▸ Requirement
Transcribe only what runs from the line containing "4G verzia mobilu Nokia 3310 je realitou" through the end of the listing, line for line and exactly, and omit the pictures.

▸ Given data
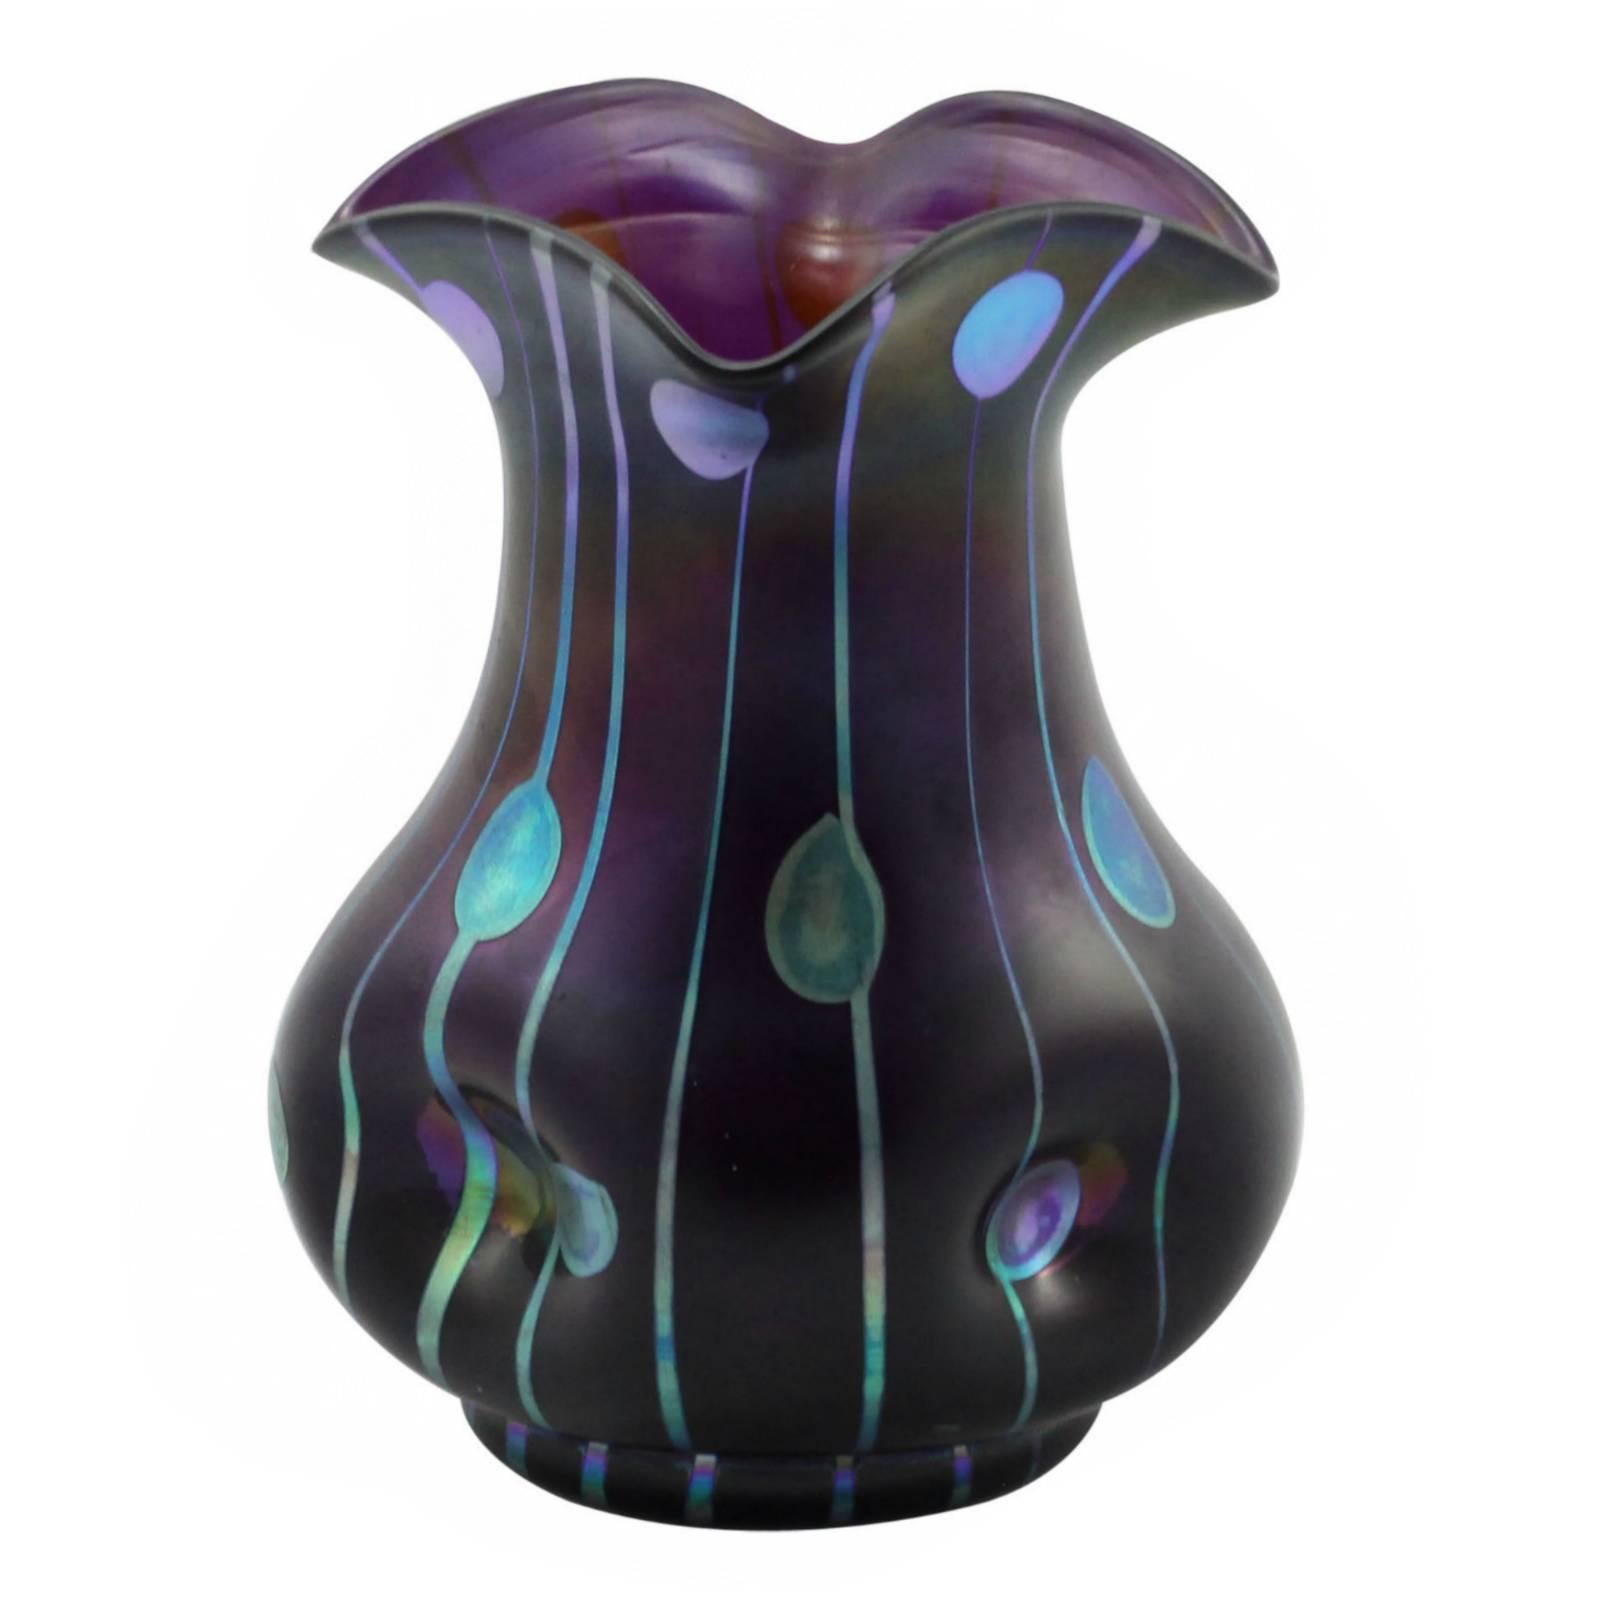 Art Nouveau "Steifen Und Flecken" Vase Attributed to Loetz
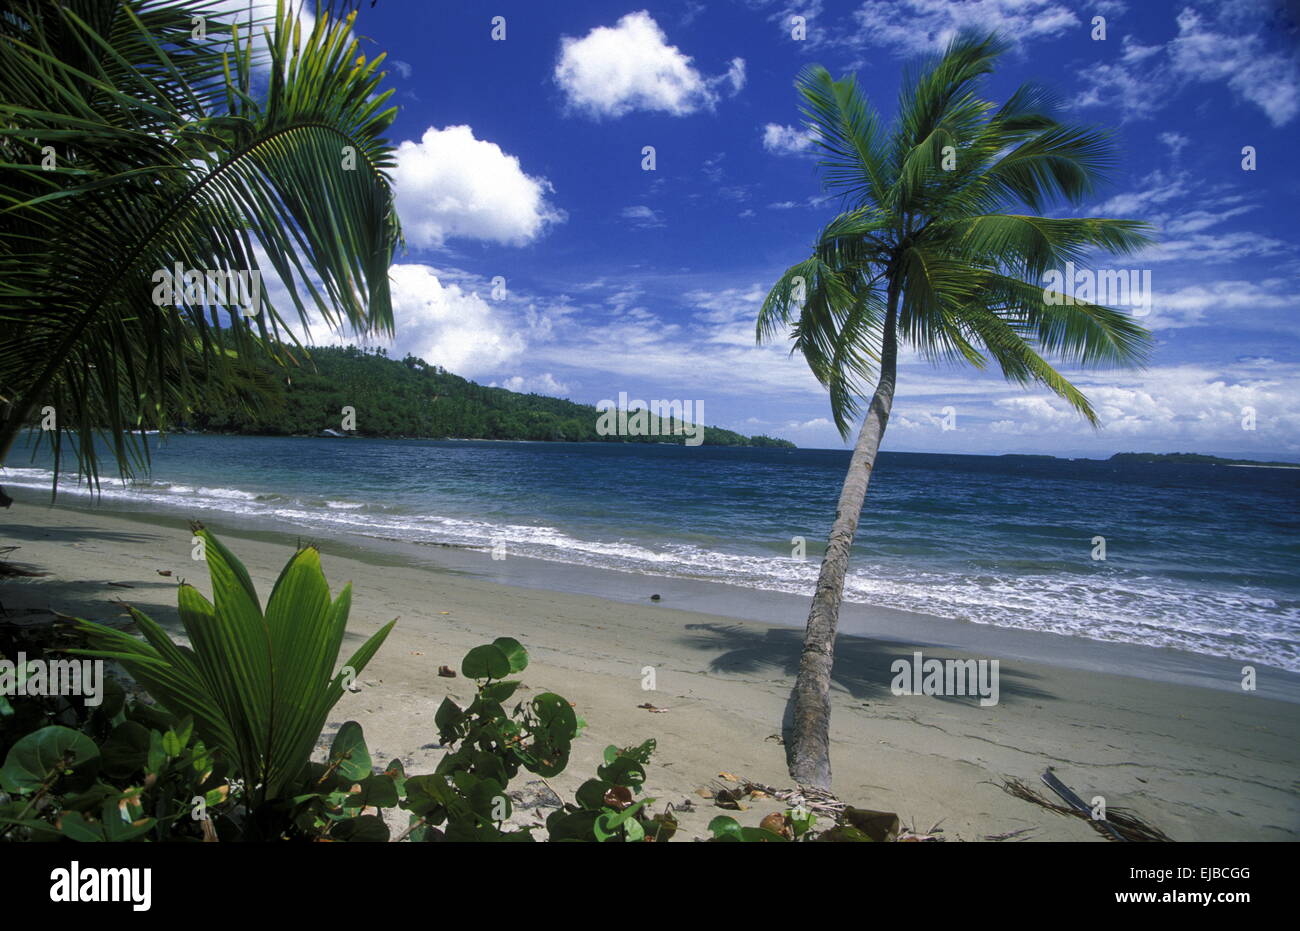 AMERICA CARIBBIAN SEA DOMINICAN REPUBLIC Stock Photo
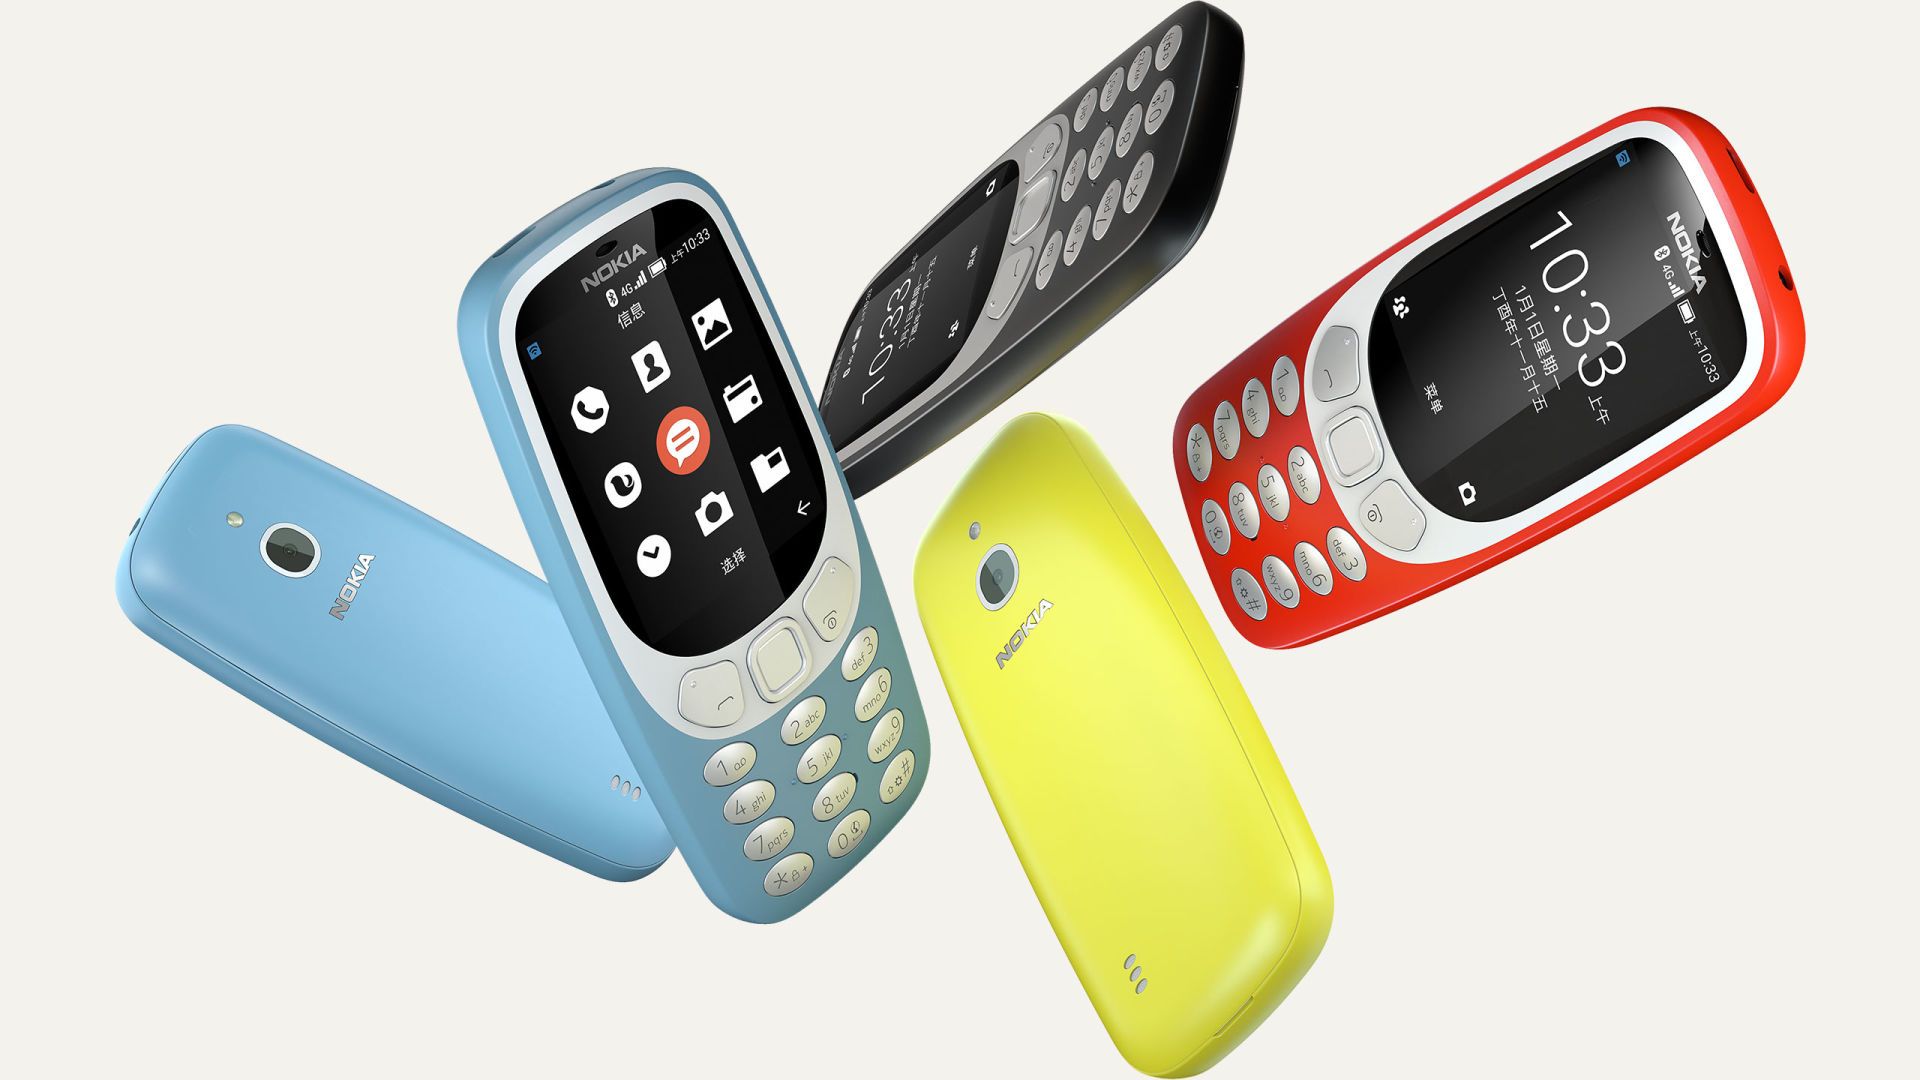 4G verzia mobilu Nokia 3310 je realitou
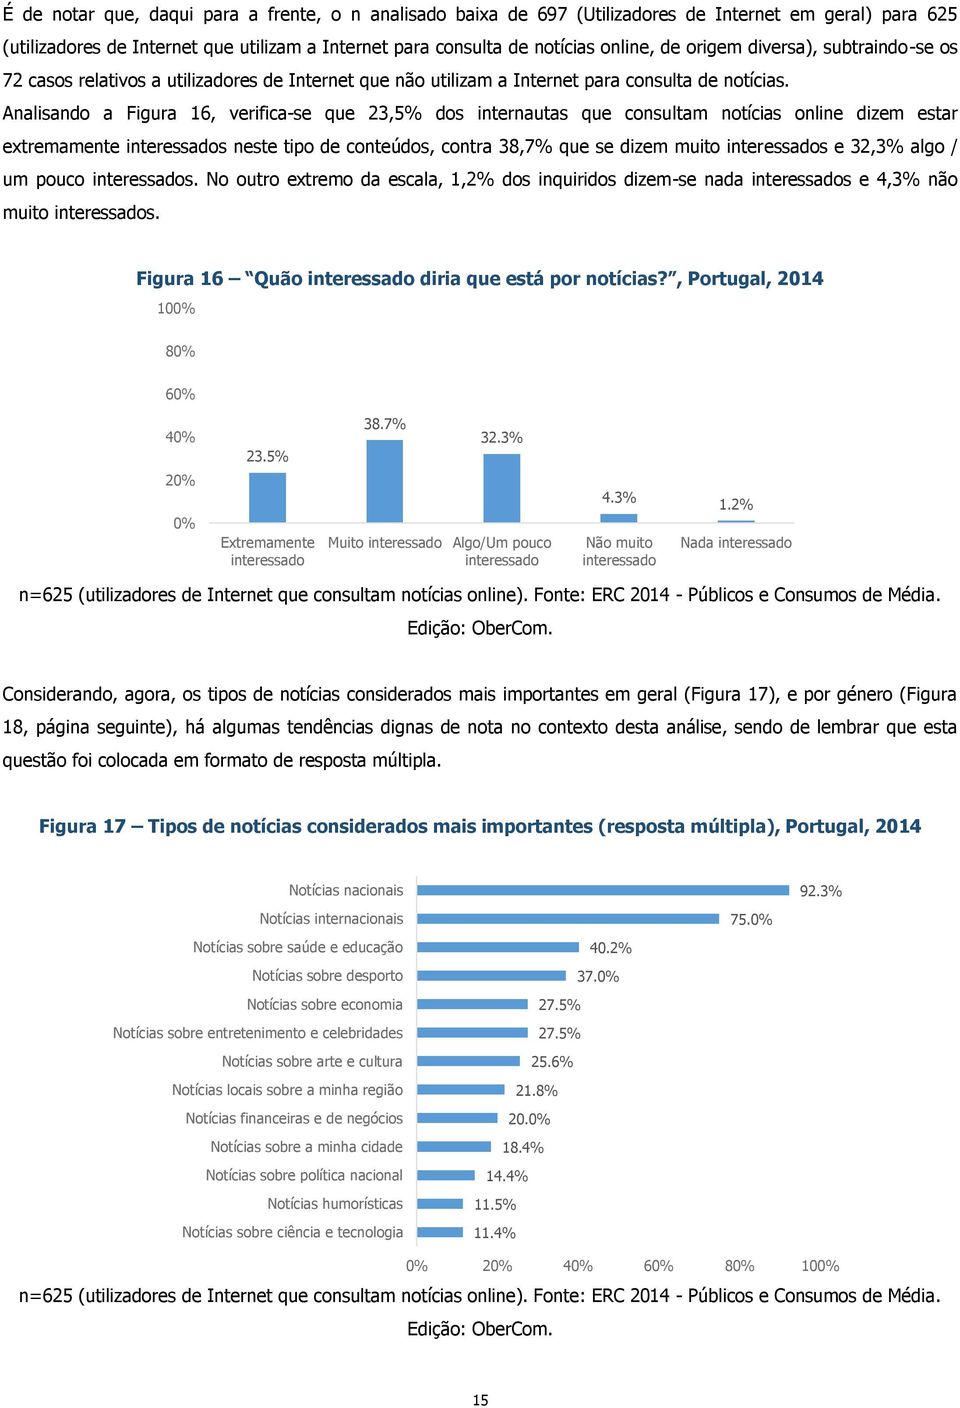 Analisando a Figura 16, verifica-se que 23,5% dos internautas que consultam notícias online dizem estar extremamente interessados neste tipo de conteúdos, contra 38,7% que se dizem muito interessados

▸ Reply
 4G verzia mobilu Nokia 3310 je realitou
 Analisando a Figura 16, verifica-se que 23,5% dos internautas que consultam notícias online dizem estar extremamente interessados neste tipo de conteúdos, contra 38,7% que se dizem muito interessados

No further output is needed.